Осуждены скитаться. Гороховый пиджак тумана. Театральная тумба. Кленовый лист парил над каким-то другим городом: над Гавром, над Глазго… Вполне вероятно — счастья не видать, а удача отвернётся. Утешимся. Не привыкать. Помянем её добрым словом, невольные очевидцы её скандалов и её медленного, но неуклонного падения. Ну, скатывания. Судоремонтные заводы, старая угольная гавань, докеры в кадках, забастовка, по чьей вине торчали неделю, отпрыски, бруски, школы для неполноценных детей, кобура полицейского, двугорбый мост-верблюд, который вдруг предстал перед нами в ночных огнях, как неземное видение. Панама. Чили. Вращающийся щит, скучая, крутился туда-сюда, отражая дождевые стрелы. Упорно не желал быть уродом-зонтом. Желал быть бойцом в битве. Чтоб его разорвало вот на такие клочки! У неё, понимаете ли, неважное настроение. Не прочту ни строчки у неё на лбу. Рычи, не рычи. Увижу ли я свою толстушку, вернее, то, что от неё останется? К моему возвращению она постарается превратиться в стройную щепку. Табак поможет и горящий неугасимым синим пламенем друг-алкоголь у неё внутри, в её грустном, насквозь проспиртованном теле. Она будет ходить из дома в дом, её везде примут с распростёртыми объятиями, посадят за стол и напоят чем попало, а есть не дадут ни крошки. Насмерть напоят. Она бы и рада поклевать, да забыла: как это делается. Желудок отказывается принимать пищу, ничего соблазнительного он в ней не видит. Офелия, нимфа, боров за прилавком, нескладные твои басни, не скупись. Рахиль, Рахиль, я и твержу, как грамматику. Не палач, так жертва. Всё, что мы можем сказать с печально закрытыми, отягощенными скорбью веками. Пьяным-пьяны, как четыре стельки, как переплёт у мола, как смываемые на песке следы. Держимся друг за дружку, чтоб не упасть в эту холодную подколенную ванну, в это шипенье…
Рассвет брызнул.

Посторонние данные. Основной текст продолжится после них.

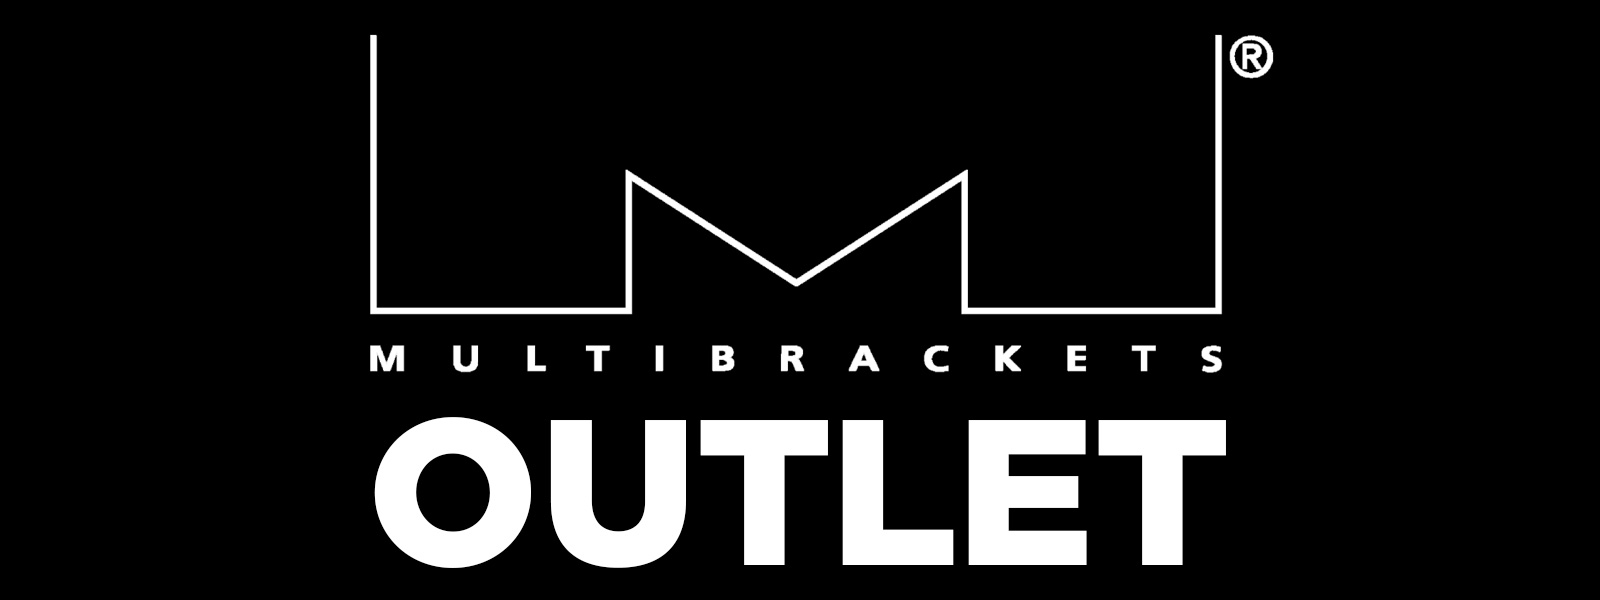 multibrackets_outlet_header

Рижский причал и набережная уплывали от нас, дальше, дальше. Две фигуры, высокая и низенькая, делались всё меньше. Не разобрать: что они кричали. Одна из них неистово махала зонтом. Вот они уже точки. Вот неразличимы…

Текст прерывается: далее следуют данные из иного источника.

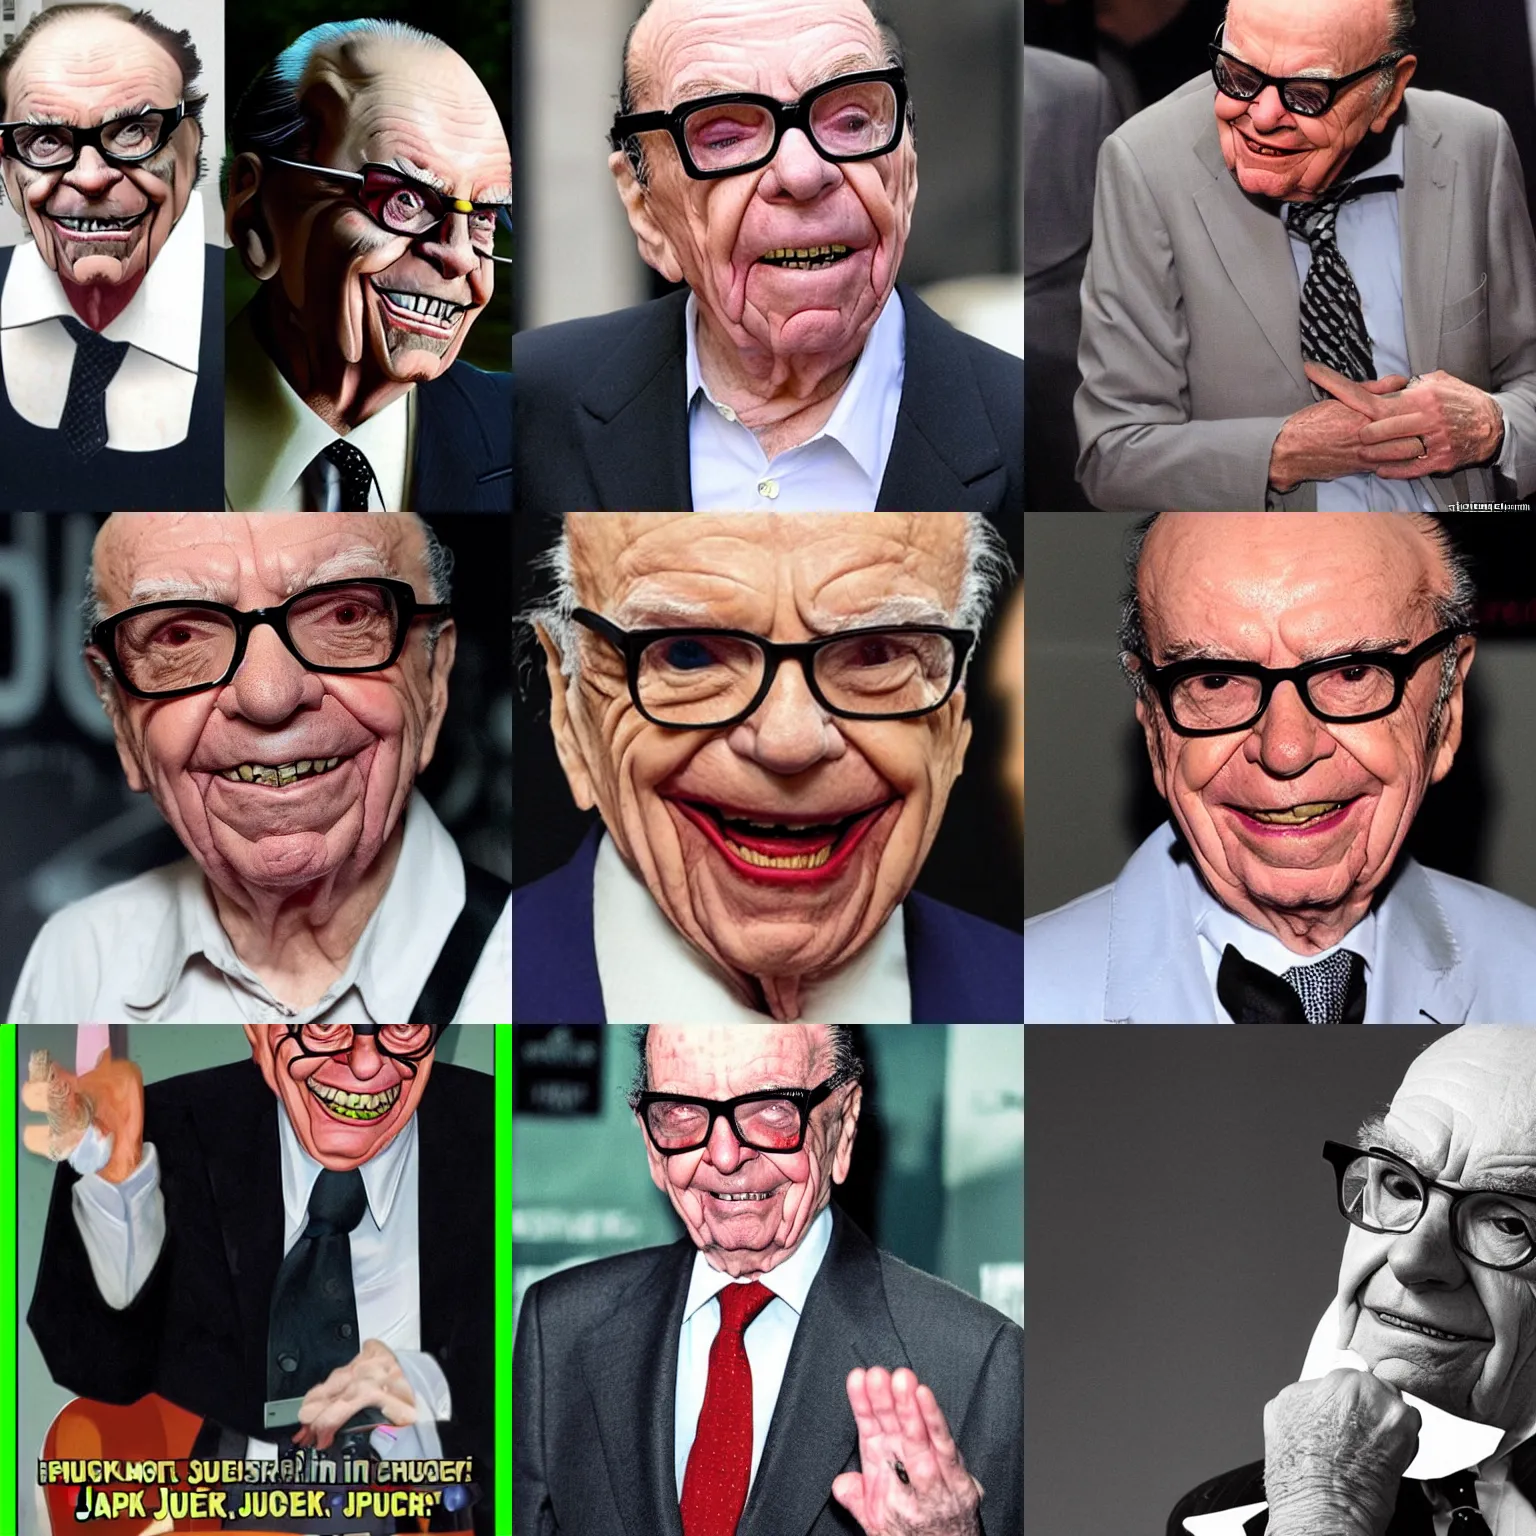 Prompt: Rupert Murdoch as Jack Nicholson's joker

Громада воды колыхалась, безбрежная колыбель. Колыхалась, колыхалась. И плавали на её поверхности разные нетонущие предметы.

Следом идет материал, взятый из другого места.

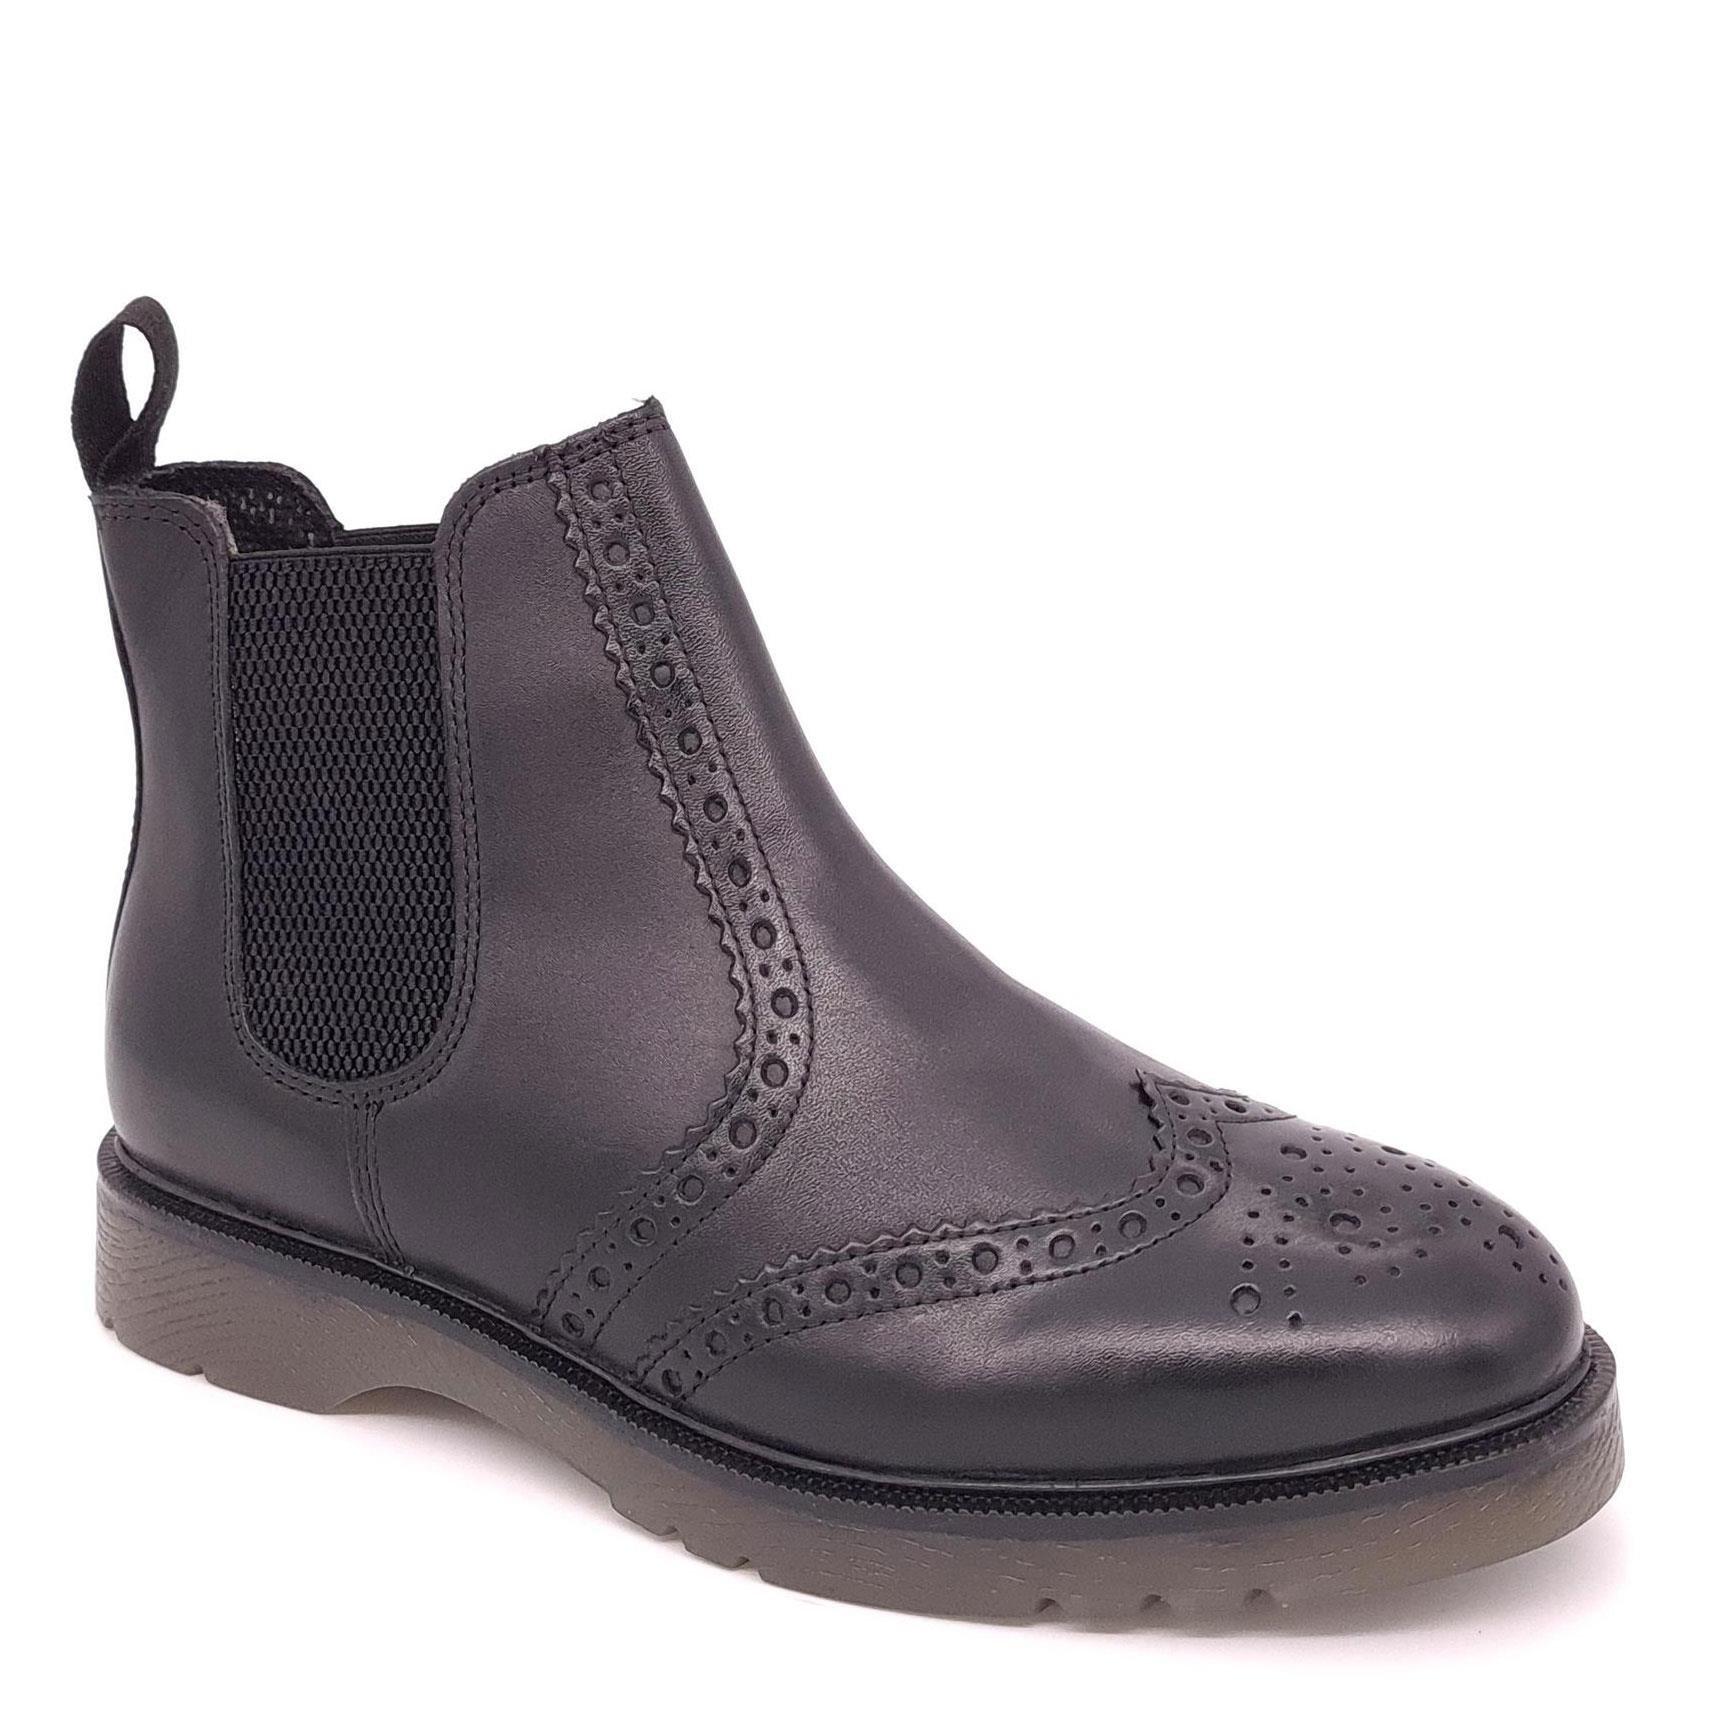 Кожаные ботинки челси с эффектом броги Warkton Frank James, черный кожаные ботинки челси с эффектом броги cheltenham frank james коричневый

Одна волна хвасталась перед другой обломками кораблекрушения. Бочки, ящики, протянул руку — не достать. Баю-бай, не забивай нас.
ЗАСЛУШИВАЛСЯ ВОЛН
В конце апреля он вернулся из плавания. Воробьиный рейс в Бремен. Моргнул и — обратно. Быстрый «Гермес». Так называется спасательное судно Балтийского морского пароходства. Отпустили на три дня. А там — три океана. Сингапур.
Дом в пригороде, палисадничек, нарциссы в клумбах. Мать, сестра.
Седой день, седые мысли. Москитная сетка моросит над холмами. Тропики, агавы, тюльпанное дерево. Он пойдет размять ноги. Он любит бродить один по горам и долам.
На вершине одинокая сосна, всем ветрам назло. Ну, здравствуй, старый друг! Давненько не виделись. Нашел сухие ветки, валежник, сгреб в кучу. Только и ждали спички, вспыхнули, как порох. Костер век не ел, рыжий черт, уплетает за обе щеки. Что б ему еще дать? Да вот: загранпаспорт! Пропуск к кокосам и какаду. На кой хрен эта картонка в кармане пригрелась. На, жри! И бросил в огонь свою «мореходку». Морской паспорт, выписанный в канцелярии Нептуна. Якоря корчатся…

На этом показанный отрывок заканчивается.